When the news recently broke that James Dean was to be brought back from the grave to star in a new movie called ‘Finding Jack’, social media outlets such as Twitter exploded with strong opinions from fans everywhere.

For the most part, opinion seemed to condemn such exploitation as being in bad taste.

However, some fans expressed excitement at seeing their favorite celebrity back on the screen for the first time in nearly 7 decades.

With Hollywood film productions increasingly relying on CGI to improve actors’ performances by adding tears, smiles, and other facial gestures, as well as ‘deaging’ them, is it now right to use deceased actors in films?

The Story So Far

The advent of computers changed the world we live in.

Today, we all rely on computer technology, whether it is for smartphones, online banking, or watching our favorite short movies on Sofy.tv.


Computers have also revolutionized the movie industry.

The advent of Computer Generated Images or CGI by companies such as Lucas Film has allowed filmmakers too dramatically enhance the scope of the images we saw on screen.

No longer do movie productions have to use expensive and often unrealistic looking models, instead, they can generate images on a computer.

While earlier CGI looked poor and unrealistic, giant leaps allowed for the creation of amazing new special effects such as the liquid metal Terminator featured in James Cameron’s Terminator 2: Judgment Day.

This technology advanced so quickly that it was not long until entire movies were being created on computers.

James Cameron’s Avatar and Pixar’s Toy Story 2 are just two examples of highly popular movies that were created solely by CGI.

In the last decade, the technology has advanced sufficiently that actors’ performances could be enhanced or changed via CGI.

Though this is still a very controversial topic, the technology allowed for a young Princess Leia to be featured in Star Wars: Rogue One, something that would have been impossible without it.

Today, very few action movies not in some way enhanced with CGI.

Read Also

A Giant Leap For CGI

While movies on adverts such as The Ford Puma ad featuring Steve McQueen have been commonplace for the last decade or so, the idea that deceased actors or actresses would take a lead role in a movie has only just arisen.

Finding Jack, an adaptation of Garth Croakers novel by the same name, is a story about a group of people who tried to help rescue 10,000 dogs at the end of the Vietnam War.

Quite why the director decided to include a CGI James Dean, when so many actors could have played the role, is not known.

It is likely that the production made this decision purely on the basis of the publicity it would generate for the movie.

If this is the case it’s a sad exploitation of James Dean’s legacy.

What is most amazing is that the company behind this production, CGM worldwide, owns the rights to Dean’s image at all.

More amazingly, they currently own the rights to over 400 celebrities that includes Burt Reynolds, Malcolm X, Maya Angelou, Audrey the Giant, and Bettie Page.

It seems certain that as these companies begin to produce more and more films using these actors.

Given that many will be of poor quality, a new debate will arise regarding whether or not they should be allowed to feature these people at all.

To prevent such exploitation would require the estate of each of the deceased to assess each production on a case by case basis.

Rather than introducing a lengthy process whereby inexperienced estates try to assess each film on their own, the ideal solution is the intervention of big data analytics companies such as Largo, which has the power to assess films in detail.

These data-driven moviemaking companies would be able to analyze scripts in detail and assess all aspects of the production to ensure that they conformed to the required standards.

This would ensure that the stars only appeared in movies that match their existing reputation and portfolios.

For the most part, fans would approve of seeing their favorite deceased celebrities appear in movies of good quality, so this would certainly negate much of the issue surrounding the exploitation of dead celebrities.

However, this would not answer the concerns of all critics and fans.

The question of whether it is right to use dead celebrities in modern movie productions ultimately can only be answered by each fan individually.
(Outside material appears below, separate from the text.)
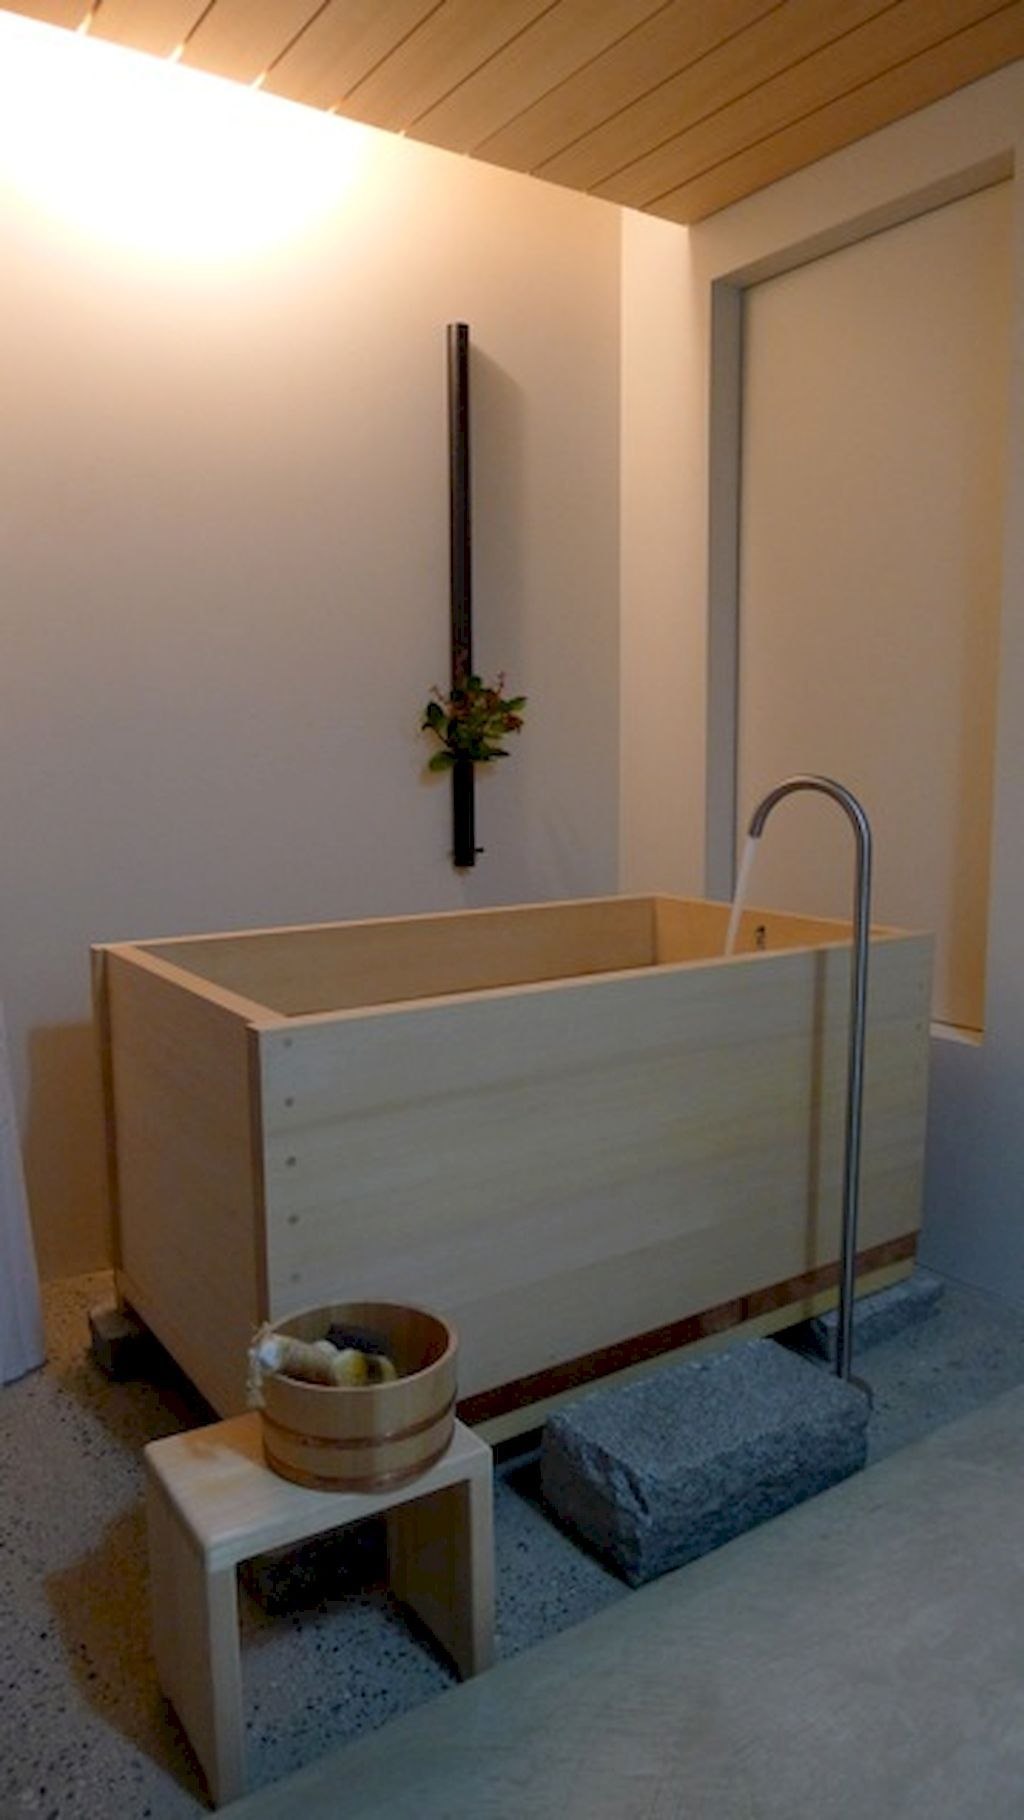 65 master bathroom bathtub remodel ideas with images
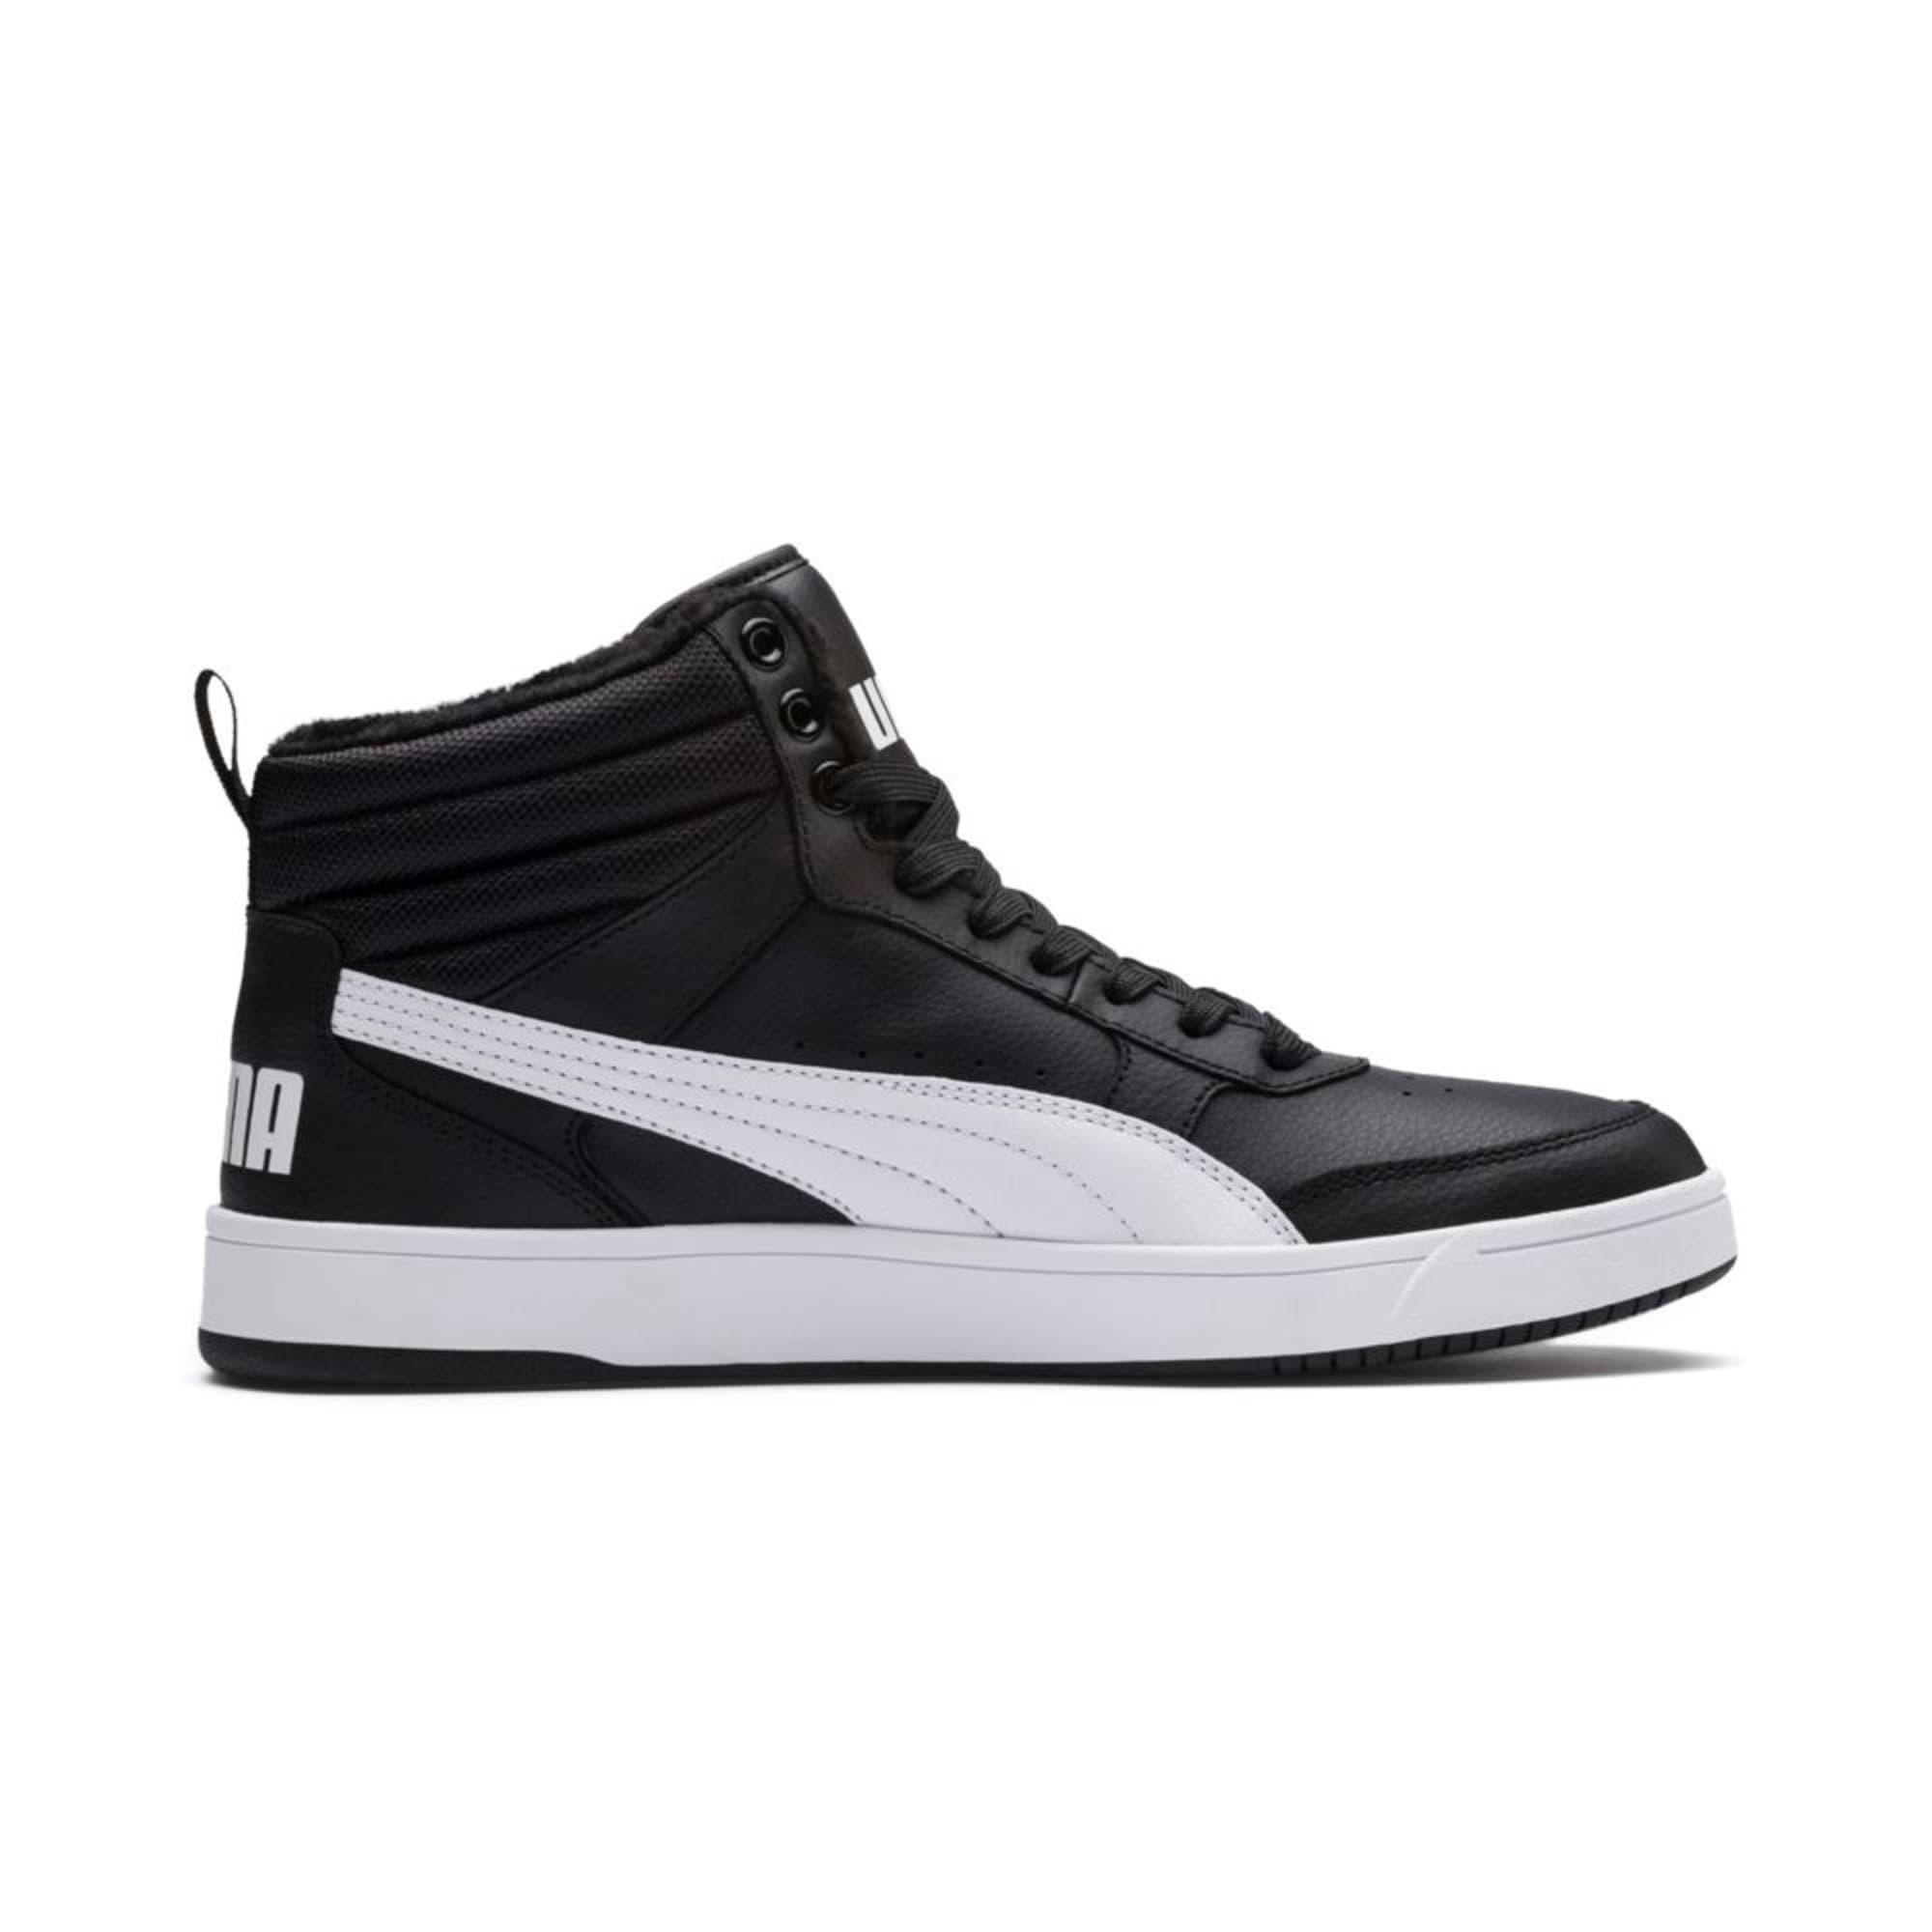 Thumbnail 5 of Rebound Street v2 Fur High Tops, Puma Black-Puma White, medium-IND

While it is possible for living celebrities to give their endorsement on whether or not their image could be used in future productions after they have died, for celebrities who’ve already passed, this is not an option.

Ultimately, the use of dead celebrities is an issue that is only going to grow year on year.

The worldwide reception to Finding Jack will give a good indication as to where audiences stand at the current time.

Since the movie it’s not likely to be a critical triumph, it is most likely that the current hostile reception will only grow when fans get to see the film.

Read Also

For the most part, however, Hollywood has so far used CGI to bring back dead celebrities to the delight of fans.

One example was the final Fast and Furious movie to feature Paul Walker, who died during its production.

It was regarded as a triumph by fans throughout the world since it offered them the chance to say goodbye.

However, with the news that Paul Walker is set to be resurrected for the latest Fast And Furious movie, we will soon find out if fans think that this is a bridge too far.

What is clear is that the industry is certainly going to take advantage of this technology to try to resurrect the careers of the popular deceased actors and actresses.

Only time will tell how audiences come to accept seeing dead celebrities on screen.